AYUCARE is a web application that uses machine learning algorithms to detect diseases from symptoms and recommend Ayurvedic medicine. The application uses two machine learning models, both of which use decision tree algorithms.
To run the application, you will need to install the many packages, some main one like:
- Flask
- scikit-learn
- pandas
- numpy
To install these packages, you can use the following command:
pip install -r requirements.txt
To run the application, navigate to the Samudini directory and run the following command:
python app.py
This will start the Flask development server, and the application will be accessible at http://localhost:5000.
The application uses two machine learning models to detect diseases and recommend Ayurvedic medicine:
-
Decision Tree Classifier: This model is trained on a dataset of symptoms and their corresponding diseases. Given a set of symptoms, the model predicts the most likely disease.
-
Decision Tree Classifier: This model is trained on a dataset of diseases and their corresponding Ayurvedic medicines. Given a disease, the model recommends the most effective Ayurvedic medicine.

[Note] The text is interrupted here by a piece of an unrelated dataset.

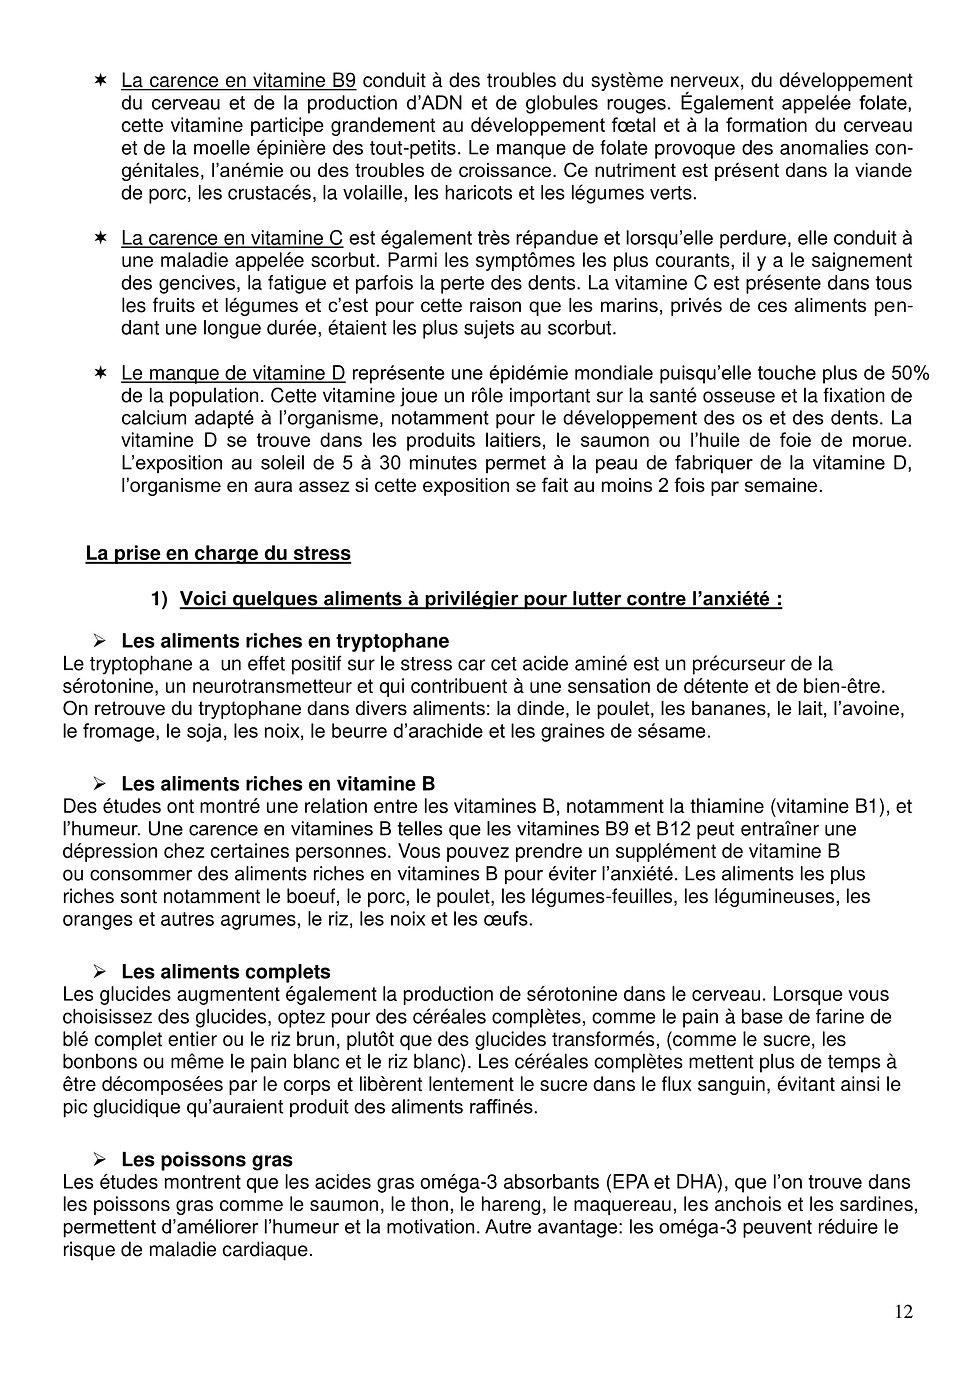 STRESS_et_ÉMOTIONS-12.jpg

The datasets used to train the machine learning models are available in the dataset directory of Nadun and Abdullah directory. The data.csv file contains a list of symptoms and their corresponding diseases, and the Drug prescription Dataset.csv file contains a list of diseases and their corresponding Ayurvedic medicines.
If you would like to contribute to this project, you can fork the repository and submit a pull request. Please make sure to follow the existing code style and include test cases for any new functionality.